■ Task statement
Write out nothing but the lines from the one containing "Higher Protein Raw, Vegan" through the last line below, both included, and without the pictures.

■ Given information
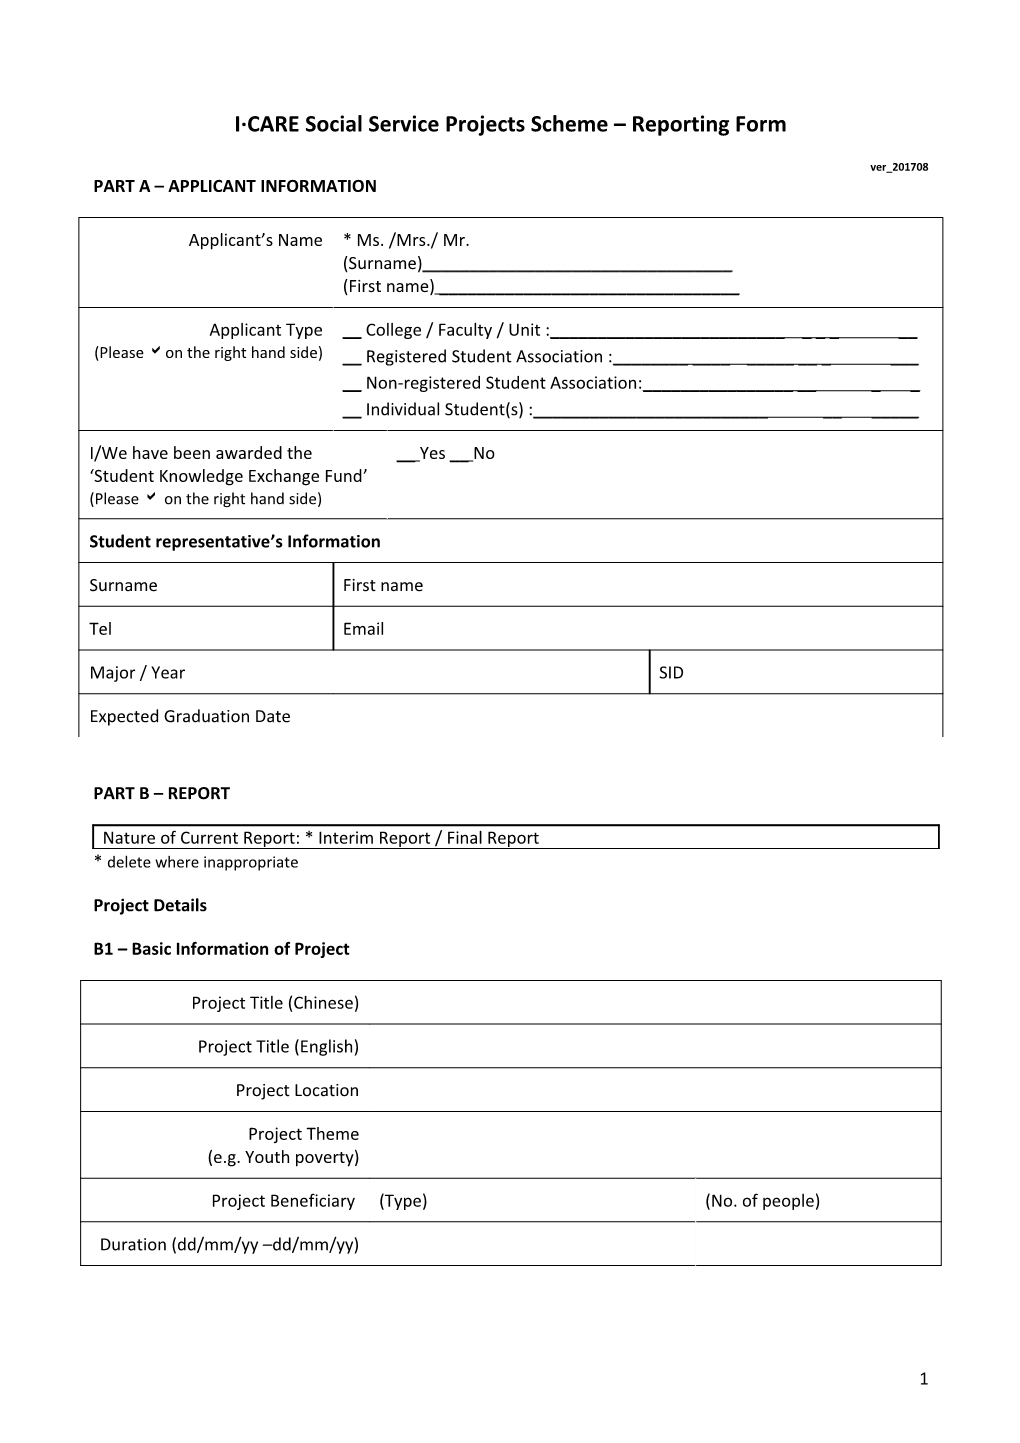 I CARE Social Service Projects Scheme Reporting Form
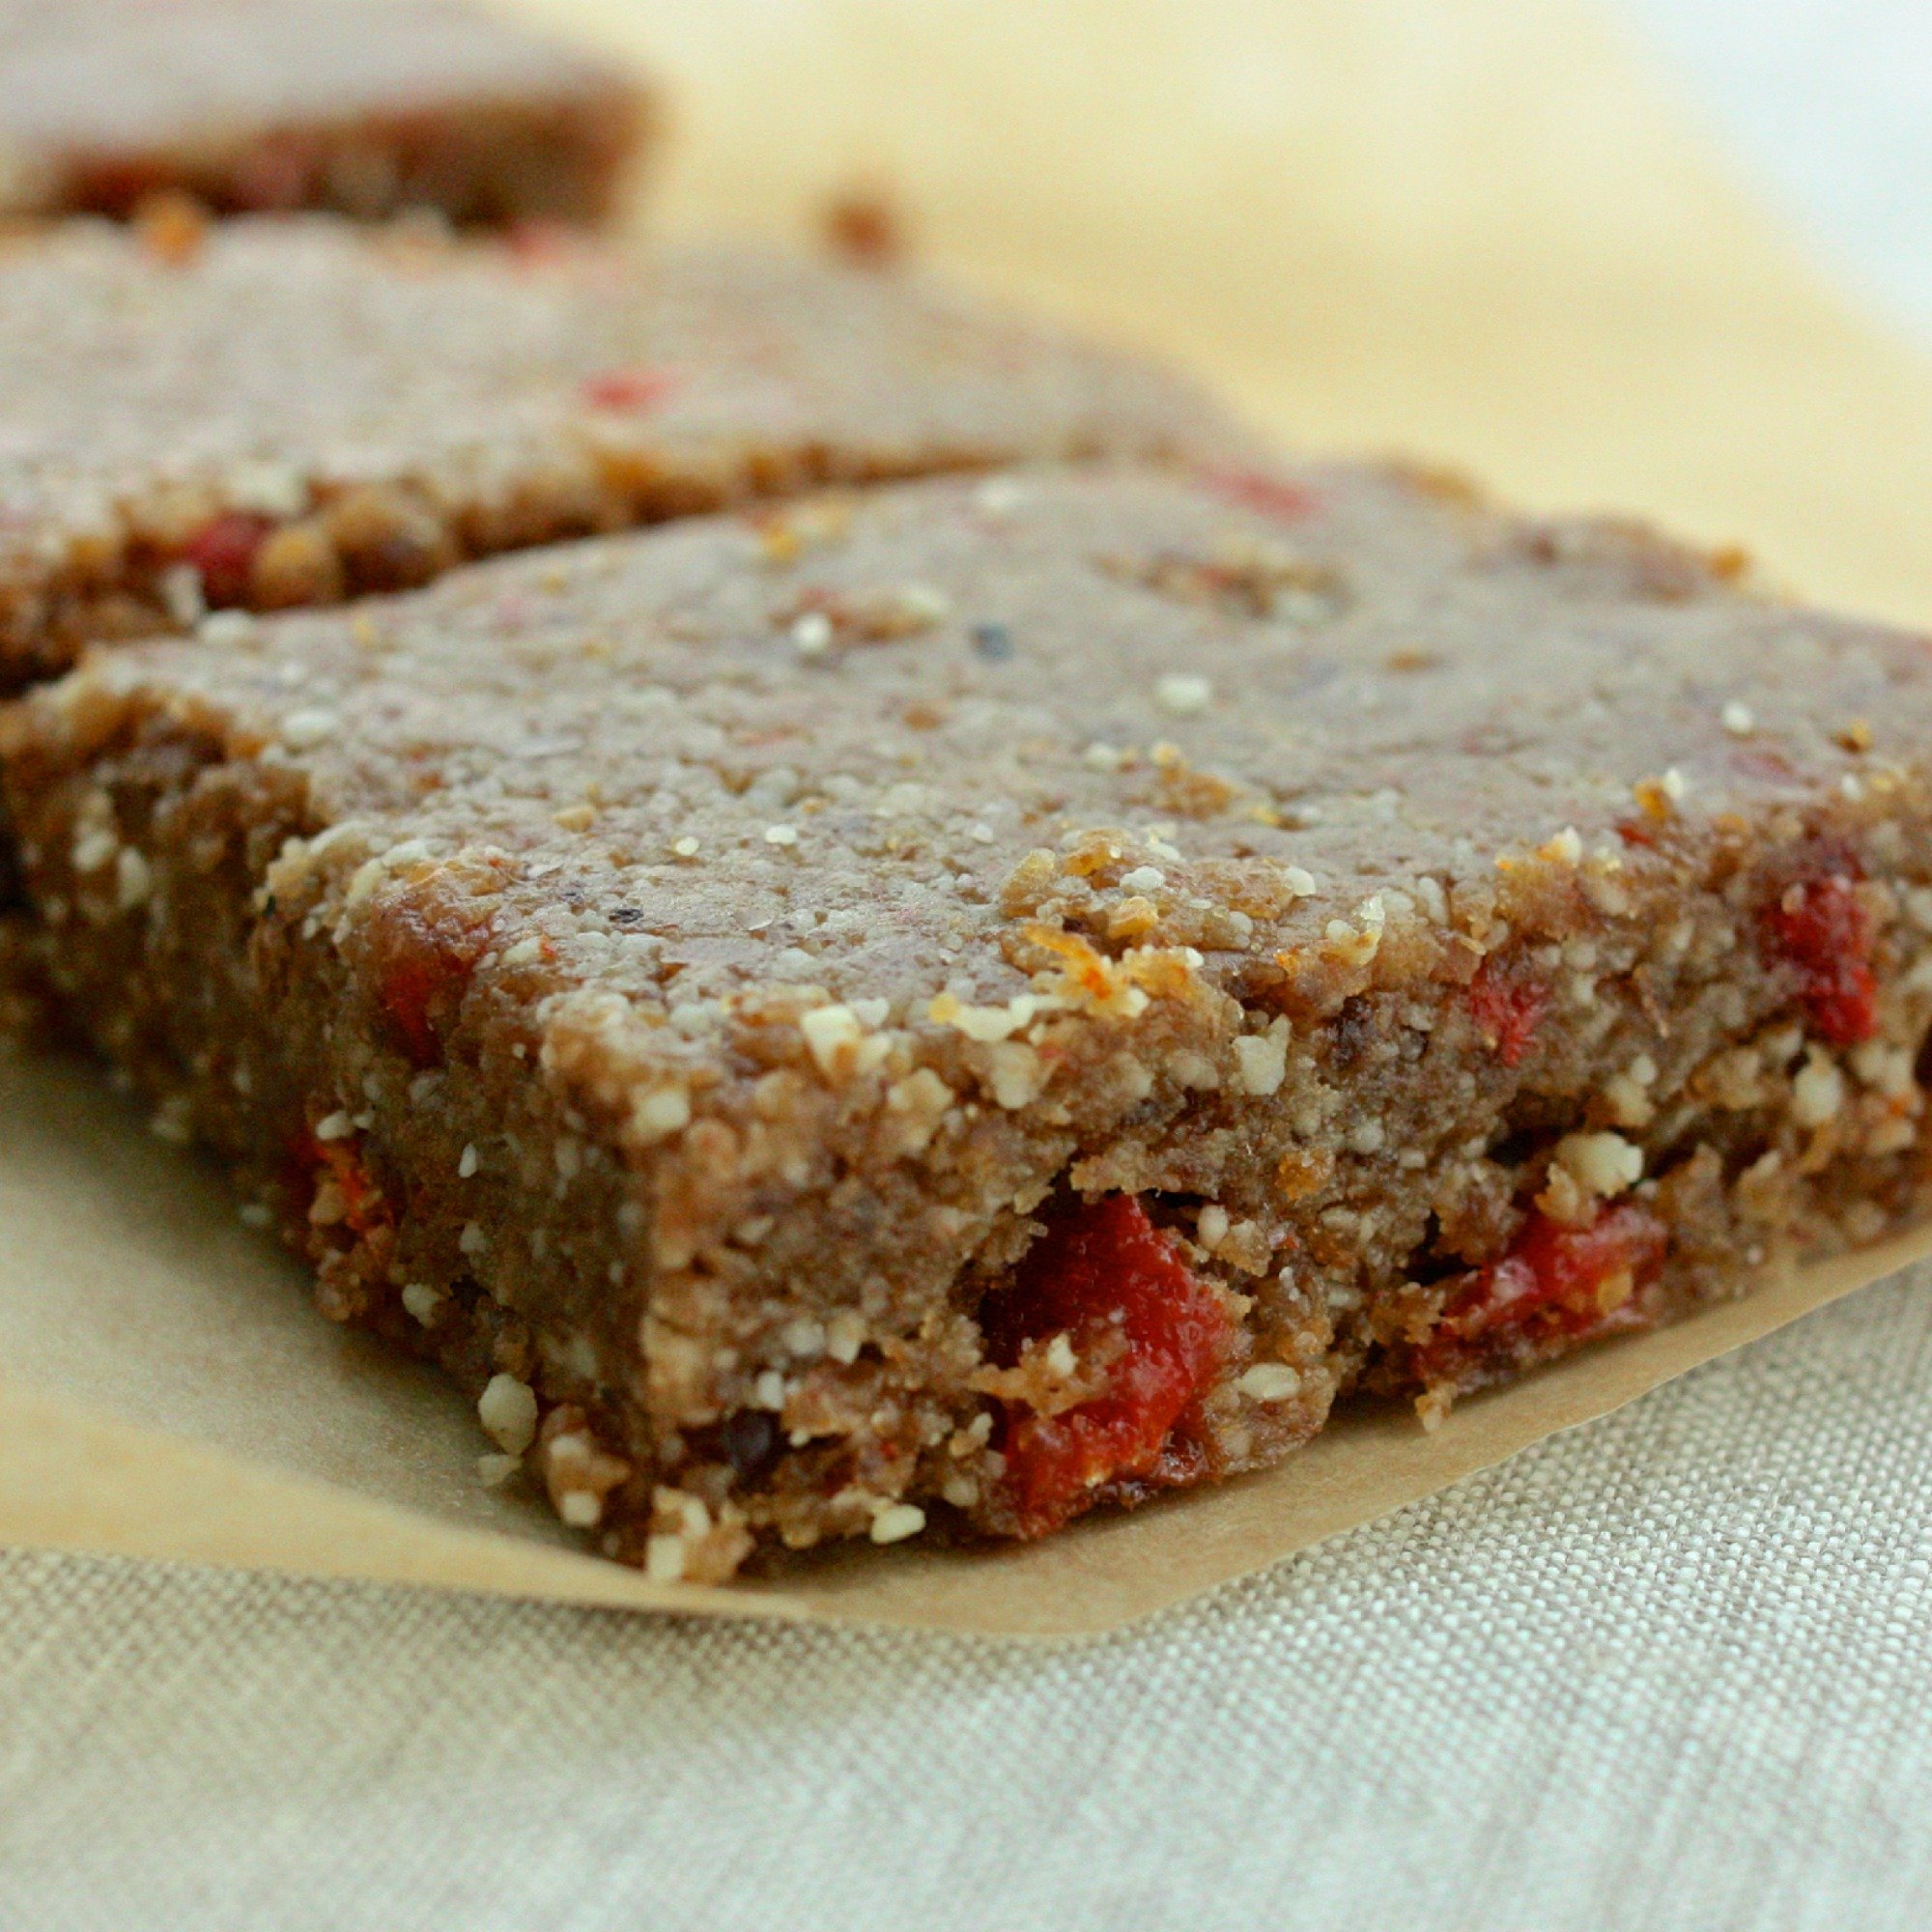 Higher Protein Raw, Vegan Snack Bars. Easy to Customize! | The Full Helping
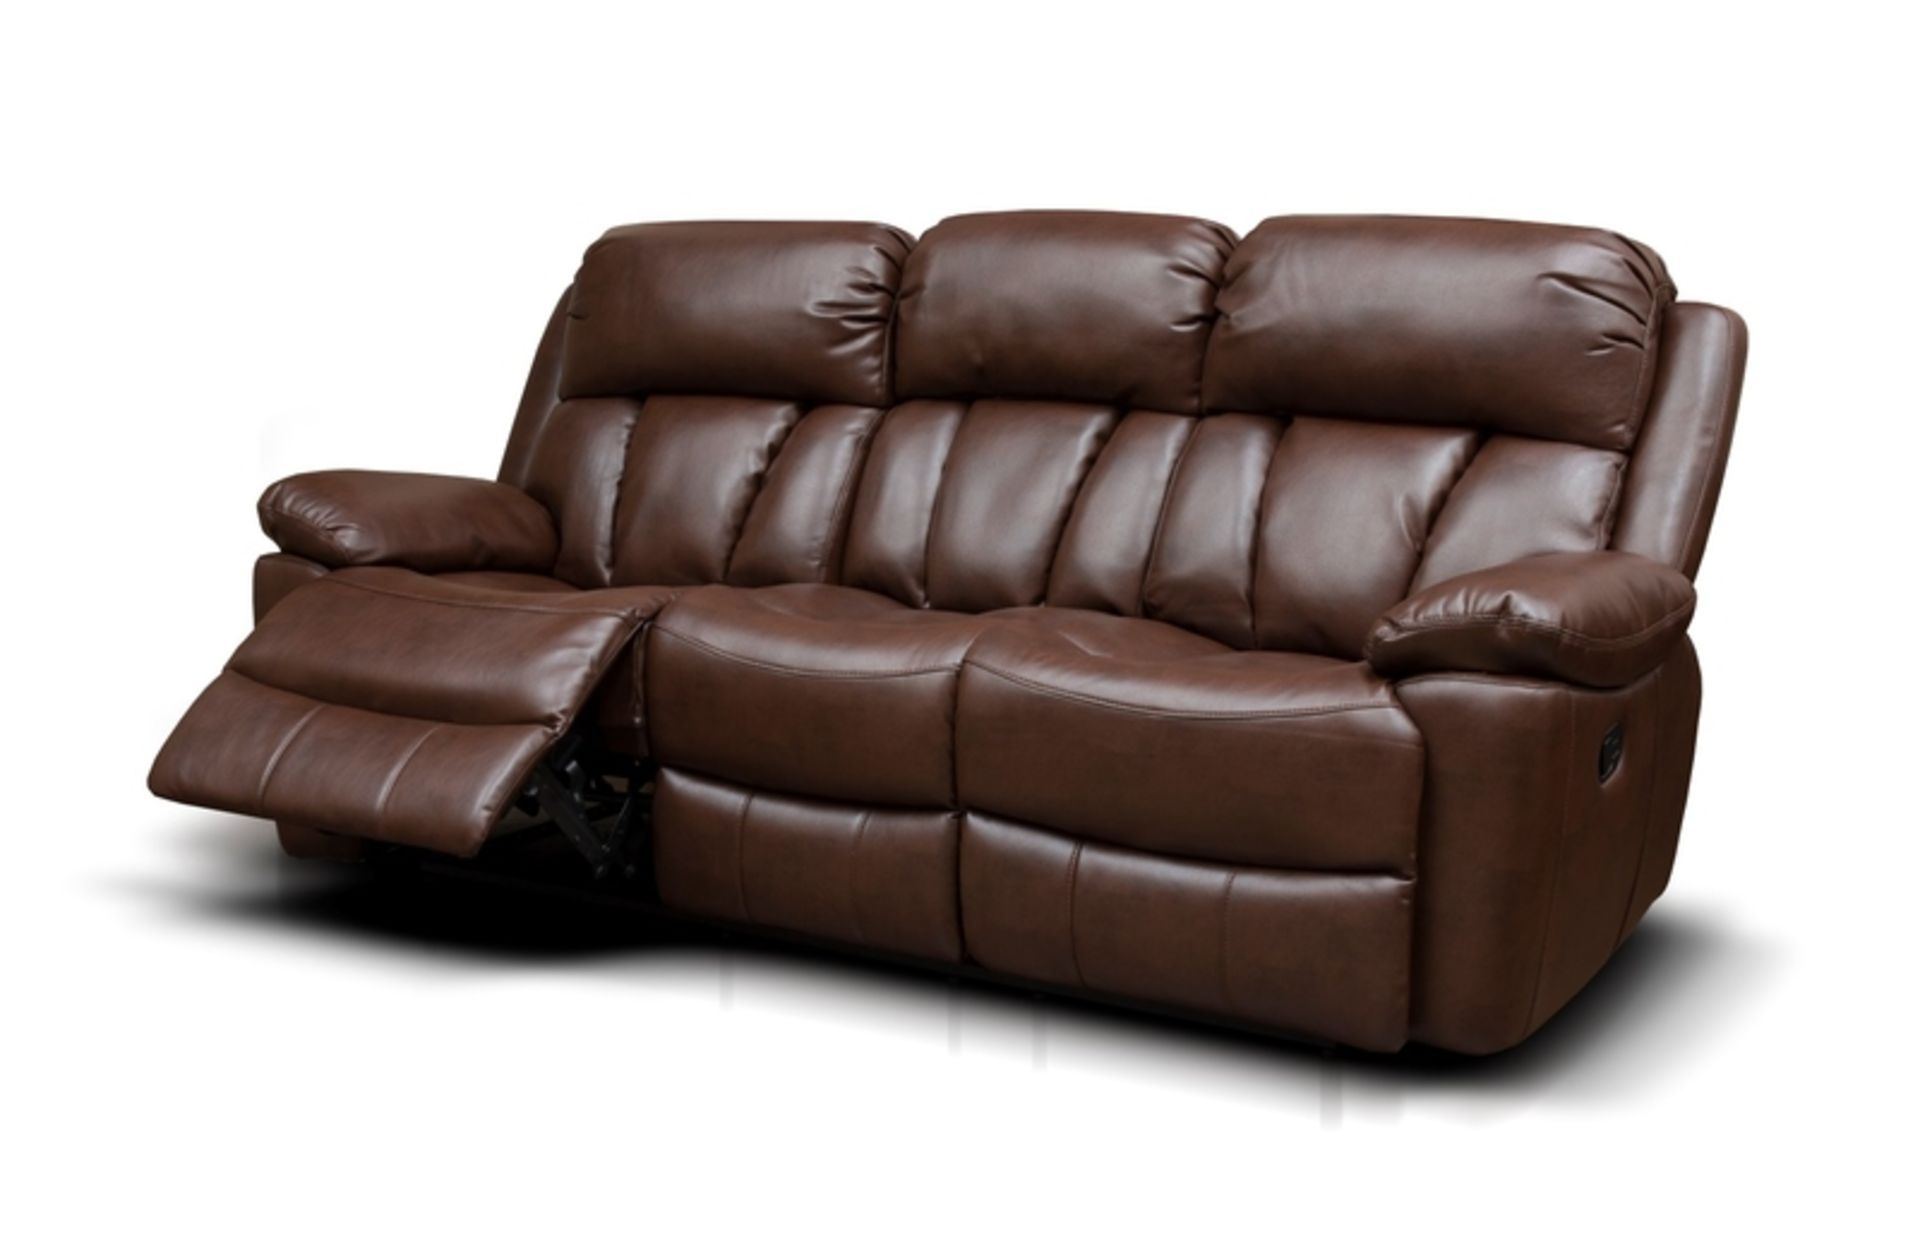 Brand New Boxed Benson 3 Seater Chestnut Leatheraire Reclining Sofa Plus 2 Matching Arm Chairs

■ Result
 Higher Protein Raw, Vegan Snack Bars. Easy to Customize! | The Full Helping
 Brand New Boxed Benson 3 Seater Chestnut Leatheraire Reclining Sofa Plus 2 Matching Arm Chairs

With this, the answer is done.